[[ Data extracts open ]]

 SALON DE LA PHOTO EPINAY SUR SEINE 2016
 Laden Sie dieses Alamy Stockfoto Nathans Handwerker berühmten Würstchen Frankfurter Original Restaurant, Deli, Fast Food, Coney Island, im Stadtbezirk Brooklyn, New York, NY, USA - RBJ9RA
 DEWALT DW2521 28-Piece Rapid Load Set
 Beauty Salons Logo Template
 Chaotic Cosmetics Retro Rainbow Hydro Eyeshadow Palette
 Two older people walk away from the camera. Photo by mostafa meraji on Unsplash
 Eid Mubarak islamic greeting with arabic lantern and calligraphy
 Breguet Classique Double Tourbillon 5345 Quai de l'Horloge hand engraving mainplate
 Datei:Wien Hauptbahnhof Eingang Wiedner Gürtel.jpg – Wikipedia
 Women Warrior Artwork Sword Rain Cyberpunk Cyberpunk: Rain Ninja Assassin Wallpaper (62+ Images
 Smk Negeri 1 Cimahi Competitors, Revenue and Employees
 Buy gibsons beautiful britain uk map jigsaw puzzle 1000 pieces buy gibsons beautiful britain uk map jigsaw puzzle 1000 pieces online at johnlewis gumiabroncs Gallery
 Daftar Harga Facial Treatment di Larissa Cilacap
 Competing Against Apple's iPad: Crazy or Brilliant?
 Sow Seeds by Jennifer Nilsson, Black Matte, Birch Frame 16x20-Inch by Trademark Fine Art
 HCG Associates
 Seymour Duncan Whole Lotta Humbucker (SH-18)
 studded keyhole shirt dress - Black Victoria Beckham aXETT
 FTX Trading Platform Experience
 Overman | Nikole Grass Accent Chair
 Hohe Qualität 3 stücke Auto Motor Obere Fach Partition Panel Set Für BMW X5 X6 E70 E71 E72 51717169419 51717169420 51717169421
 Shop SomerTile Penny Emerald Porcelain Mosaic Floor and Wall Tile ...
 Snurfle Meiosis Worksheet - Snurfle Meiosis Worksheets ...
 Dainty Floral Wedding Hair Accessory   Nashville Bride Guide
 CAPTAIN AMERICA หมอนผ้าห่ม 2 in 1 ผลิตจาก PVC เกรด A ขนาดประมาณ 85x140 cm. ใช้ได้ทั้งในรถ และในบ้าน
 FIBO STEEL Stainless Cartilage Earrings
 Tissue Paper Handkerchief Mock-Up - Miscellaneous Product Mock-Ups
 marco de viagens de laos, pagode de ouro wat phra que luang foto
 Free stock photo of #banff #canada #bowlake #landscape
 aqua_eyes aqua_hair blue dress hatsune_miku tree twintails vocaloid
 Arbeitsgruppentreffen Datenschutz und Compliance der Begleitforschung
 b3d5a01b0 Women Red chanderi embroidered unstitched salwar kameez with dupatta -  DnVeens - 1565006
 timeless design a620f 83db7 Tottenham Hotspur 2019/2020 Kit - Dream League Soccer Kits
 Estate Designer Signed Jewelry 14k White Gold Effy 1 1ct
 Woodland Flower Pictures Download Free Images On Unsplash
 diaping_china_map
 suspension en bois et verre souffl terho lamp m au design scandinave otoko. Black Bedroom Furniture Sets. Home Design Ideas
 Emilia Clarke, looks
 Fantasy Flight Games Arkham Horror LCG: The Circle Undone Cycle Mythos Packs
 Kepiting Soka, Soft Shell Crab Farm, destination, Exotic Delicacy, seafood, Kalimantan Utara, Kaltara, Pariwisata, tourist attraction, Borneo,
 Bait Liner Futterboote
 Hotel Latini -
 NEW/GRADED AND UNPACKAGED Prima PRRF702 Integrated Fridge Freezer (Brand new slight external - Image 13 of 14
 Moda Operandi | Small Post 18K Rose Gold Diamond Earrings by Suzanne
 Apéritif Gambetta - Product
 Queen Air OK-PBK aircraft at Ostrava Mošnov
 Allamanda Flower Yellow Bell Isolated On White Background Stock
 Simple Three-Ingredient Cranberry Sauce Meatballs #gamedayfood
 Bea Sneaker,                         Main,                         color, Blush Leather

[[ Data extracts closed ]]

| What is needed |
Please reproduce the closing stretch of the records, from the line with "Moda Operandi |" through the last line, exactly as it stands.

| Written answer |
 Moda Operandi | Small Post 18K Rose Gold Diamond Earrings by Suzanne
 Apéritif Gambetta - Product
 Queen Air OK-PBK aircraft at Ostrava Mošnov
 Allamanda Flower Yellow Bell Isolated On White Background Stock
 Simple Three-Ingredient Cranberry Sauce Meatballs #gamedayfood
 Bea Sneaker,                         Main,                         color, Blush Leather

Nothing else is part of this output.